Compare HDF5array vs diy implementation

Now we have written the count matrices to disk in hdf5 format in two ways: manually, and through HDF5Array.

Let’s see if there are differences in performance in reading 1 gene at a time.

Memory and time

bench_read <- bench::mark(
  HDF5Array = hf5['AC006486.2',],
  `h5 - manual` = read_gene('AC006486.2', file_h5),
  `in-memory slice` = counts['AC006486.2',]
)  

summary(bench_read) |> 
  mutate(expression = as.character(expression)) |>  
  select(-memory, -result, -time, -gc) |>  gt()

expression	min	median	itr/sec	mem_alloc	n_itr	total_time
HDF5Array	1.7s	1.7s	0.5875962	10.11MB	1	1.7s
h5 - manual	774.7ms	774.7ms	1.2908001	4.97MB	1	774.7ms
in-memory slice	154.5ms	210.9ms	5.0724987	3.93MB	3	591.4ms

bench_read |>  autoplot(type = 'jitter')

HDF5array is ~2x slower than ShinyCell’s manual method

ShinyCell approach is almost as fast as holding in memory, without of course the cost is occupying a large amount of memory at any given time.

on-disk space

data.frame(file = c(file_h5, file_h5array)) |> 
  mutate(file_size = fs::file_size(file))
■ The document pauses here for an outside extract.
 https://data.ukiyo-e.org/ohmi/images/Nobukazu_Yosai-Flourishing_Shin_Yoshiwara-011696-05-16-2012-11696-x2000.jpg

##           file file_size
## 1    counts.h5   153.28M
## 2 HDF5array.h5   221.88M

SingleCellExperiment

In reading HD5Array docs, I learned that you can back a SingleCellExperiment object with a HDF5-backed matrix. This is actually incredibly useful, because now we can use any packages for SingleCellExperiment (like tidySingleCellExperiment).

sce_h5 <- SingleCellExperiment(assays = list(counts = hf5))
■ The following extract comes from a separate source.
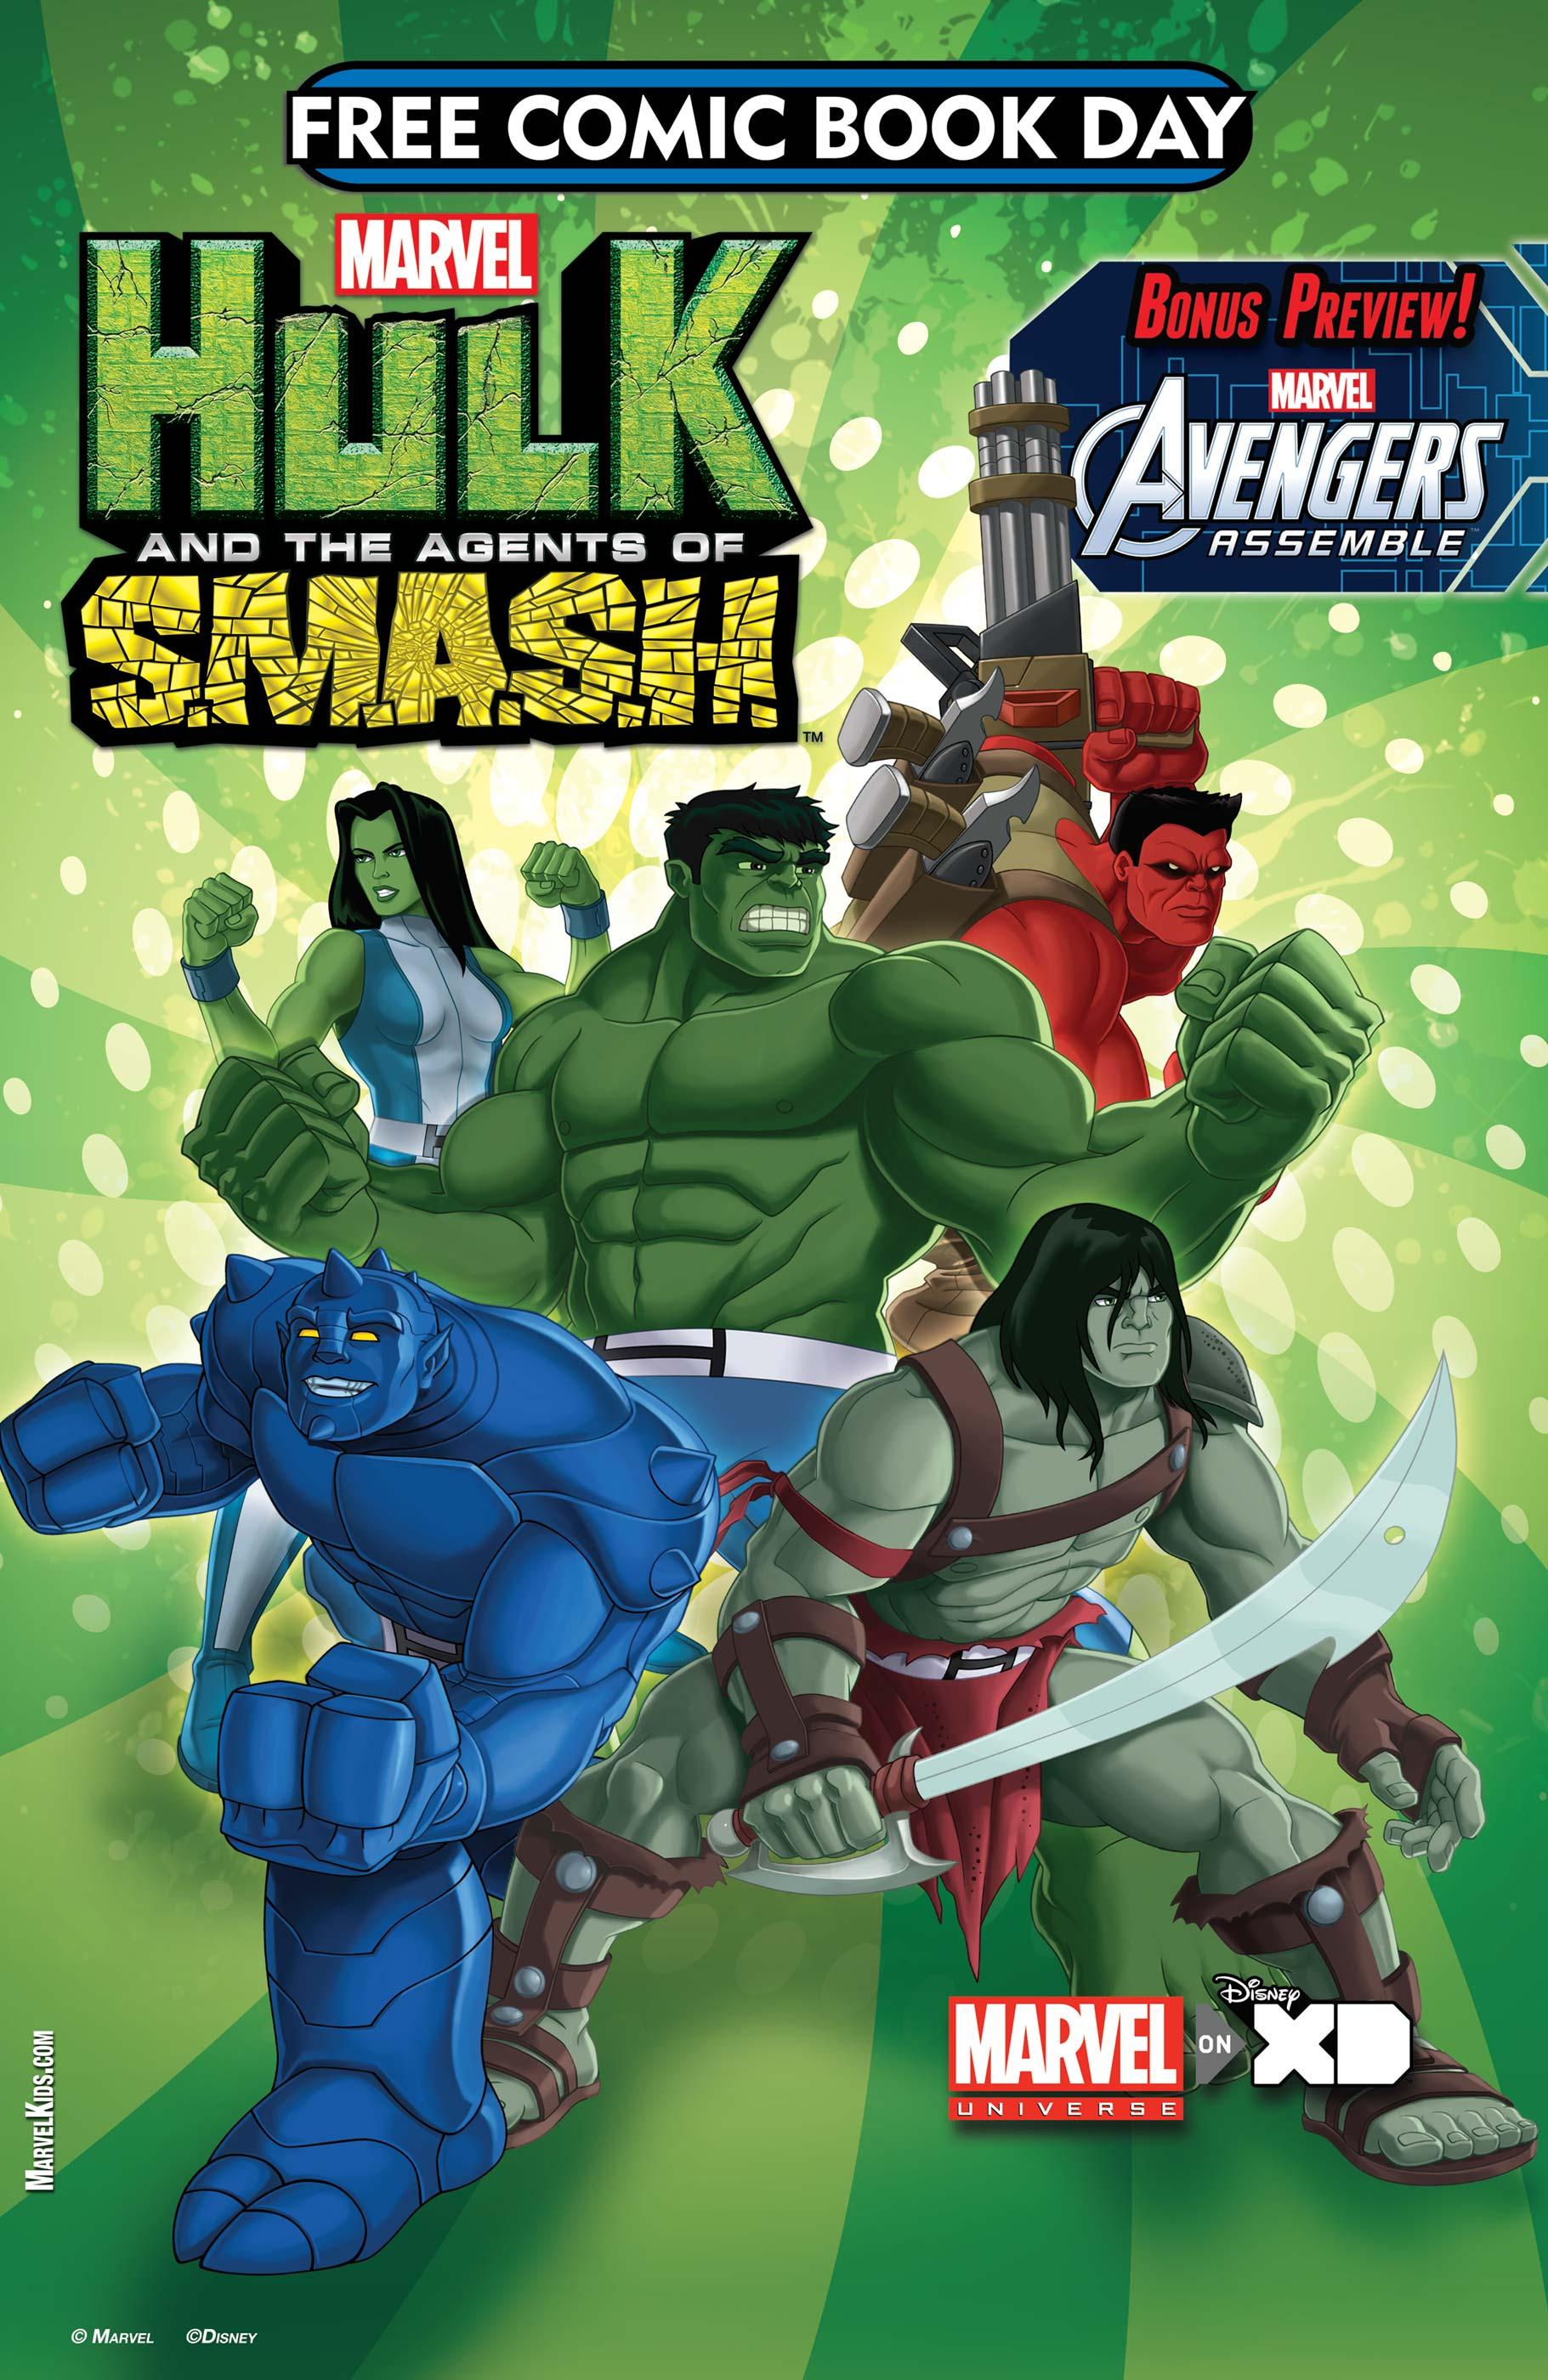 FREE COMIC BOOK DAY 2013 1 (2013) #1

Size of SingleCellExperiment object backed by HDF5

object.size(sce_h5) |>  print(units = 'auto')

## 9.1 Mb

Size of dgc counts matrix held in memory

object.size(counts) |>  print(units = 'auto')

## 624.4 Mb

Speed:

bench::mark(sce_h5['AC006486.2',]) |> select(-c(result:gc)) |>  gt()

expression	min	median	itr/sec	mem_alloc	gc/sec	n_itr	n_gc	total_time
[, sce_h5, AC006486.2,	81.4ms	83.5ms	11.77477	7.49MB	0	6	0	510ms

Conclusion

HDF5 format is great for memory efficient loading of single cell data, particularly for single gene queries which take less than 1 second on a 200,000 cell dataset.
The manual shinyCell h5 method is almost twice as fast as HDF5Array (~1 second vs 0.5 second)
but SingleCellExperiment can carry hdf5-backed count matrices with HDF5Array, making it more useful as it opens usage to other single cell tools
The majority of time reading from HDF5 is actually closing the connection of the file.